After the full steamboat reunion lunch, we were all lazing around and digesting. To be honest, after our family have grew by numbers(the babies), the siblings and in-laws have been taking more pictures than us(the younger cousins and siblings). I'm not even kidding on this point, well except for the selfie. Hahaha.

Anyway, this only mean that pictures really speaks a thousand words and we know we cannot relief that moment exactly therefore, picture is the best way to capture that moment of happiness and joy.  C'mon of course everyone have a moment where all they just so is to relax and think about their happy moments. It's just such pure peacefulness and happiness.

Anyway, before we left my brother's house, we took a few group pictures! :D Well, my in-laws are not inside. LOL. Anyway, My elder Sister, Shandy, (Click for her blog) on the left, 2nd Sister, Mindy, in the middle and my eldest Brother, Allan, on the right and of course my my and only Popo!!! Well, many of my friends is shocked whenever i mentioned i have a elder Sister and another eldest Brother. 








WENT HOME WITH A FULL STOMACH YUMZ 

Tuesday, February 4, 2014

Trying hard to control

A brand new day, but the sadness from yesterday is still not slept away. I didn't had a peaceful sleep at all. I woke up with something missing.

Occasionally, in the morning i will look myself in the mirror and tell myself today is a good day or i'm happy after a bad or sad day. I guess this didn't work for me this morning. Holding back those tears is not easy, especially when i just started my morning. Took a deep breath and i felt better because the tears didn't flow. Hah

Everything just wasn't right at all. It shouldn't turn out to be like this. What's there for me to say? It's too late anyway. Headed to school and was starring into blank spaces. However, my mind was full of thoughts that i triggered my tears... So i immediately look up hoping they will obediently flow back.

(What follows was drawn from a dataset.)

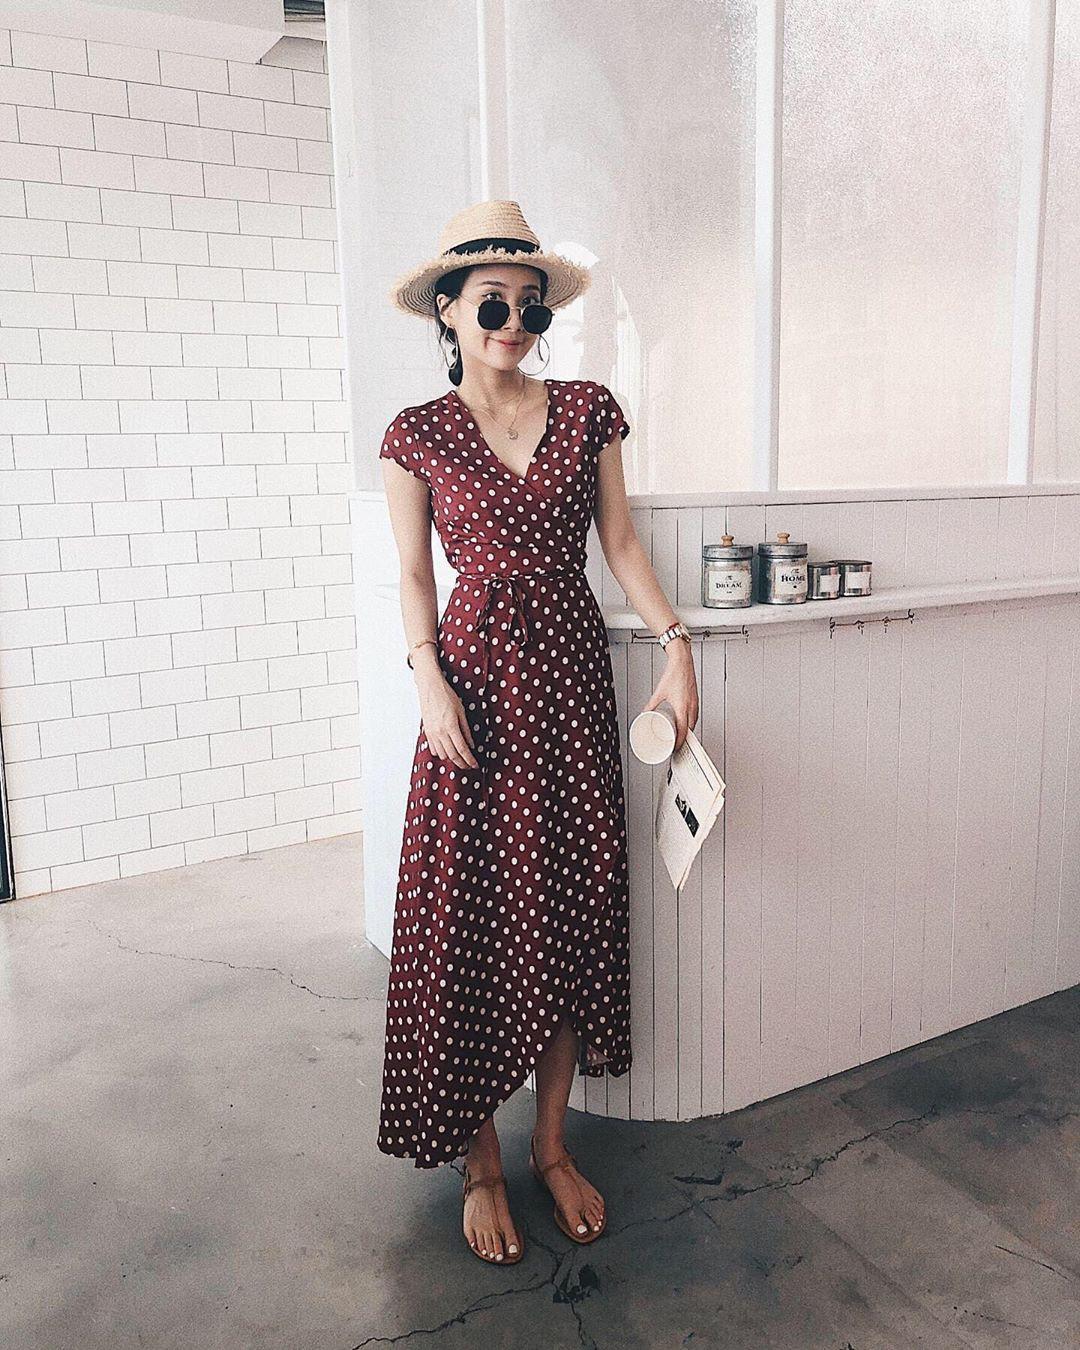 """4 mẫu váy đơn giản nhưng thừa độ sang chảnh, tinh tế giúp style của chị em """"sang trang"""" mới huy hoàng - Ảnh 10."""
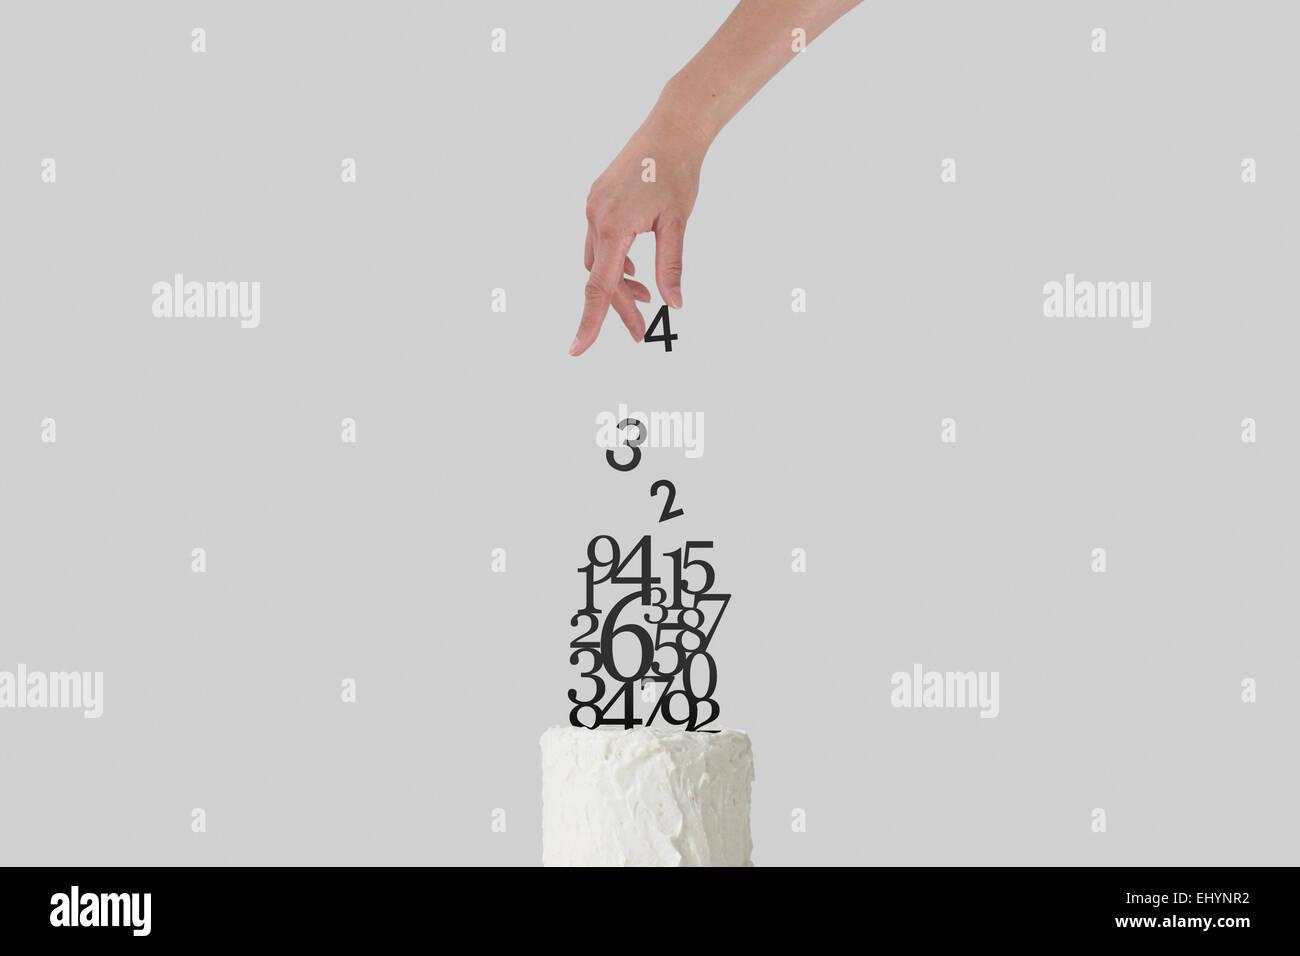 Un arrosage à la main certains numéros sur un gâteau blanc Photo Stock

Trying to occupy my mind with other thoughts because i was gonna have a presentation and i don't wanna be affected. It helped a little. Thank god. I didn't really talk much today and it's just so unusual. But in order to look like everything's fine, i still tried to reply or act normally like my usual self. It was quite tough especially when everything just hit so hard all of a sudden.

Finally some alone time in the gym and i managed to get some emotions off me but i felt useless in the gym today... I can't really focus because my mind was somewhere else. After i was done i thought i should take a breather outside the gym to try and clear and calm myself. It actually worked with the peaceful surrounding and the wind. I thought i needed more time alone before heading home so i decided to do some grocery shopping, which is my favourite and won't fail to make me happy.

Little did i know, i got all emotional again because to think of it, we actually spent quite a lot of our times at these supermarkets. Well well well, wipe them off and grabbed everything i needed and went off. I reached my house's void deck and i couldn't control anymore and so i burst into tears hysterically. Thank god i was all alone hahaha.

I don't know what the hell actually happened. My heart wants the answers but my brain is saying another. I just want everything to go back to normal and simple...

Monday, February 3, 2014

Fucked up self

The last thing I wanna do is to fuck things up but then again I always do that even if I don't mean it.

Time indeed flies and it's already February. A lot of things happened, regardless good or bad. This month is going to be a busy month with all the school project submissions and exams at the end of the month. I can foresee myself to be fucking stress and worried, not only about studies.

It's been good the last month but my drunk soul happened so I fucked up some things when it's all good. I don't know what exactly did I said but I definitely messed up big time. Insecurities and fears are devouring me inside out and I don't fucking know what to do. 

I'm still kinda new to it and at times I feel like I have made a huge mistake but I know I gotta start somewhere. Nothing good comes easy and I know it damn well. Keeping myself occupy this month is easy, physically but mental wise I don't know if I can although I know I should. 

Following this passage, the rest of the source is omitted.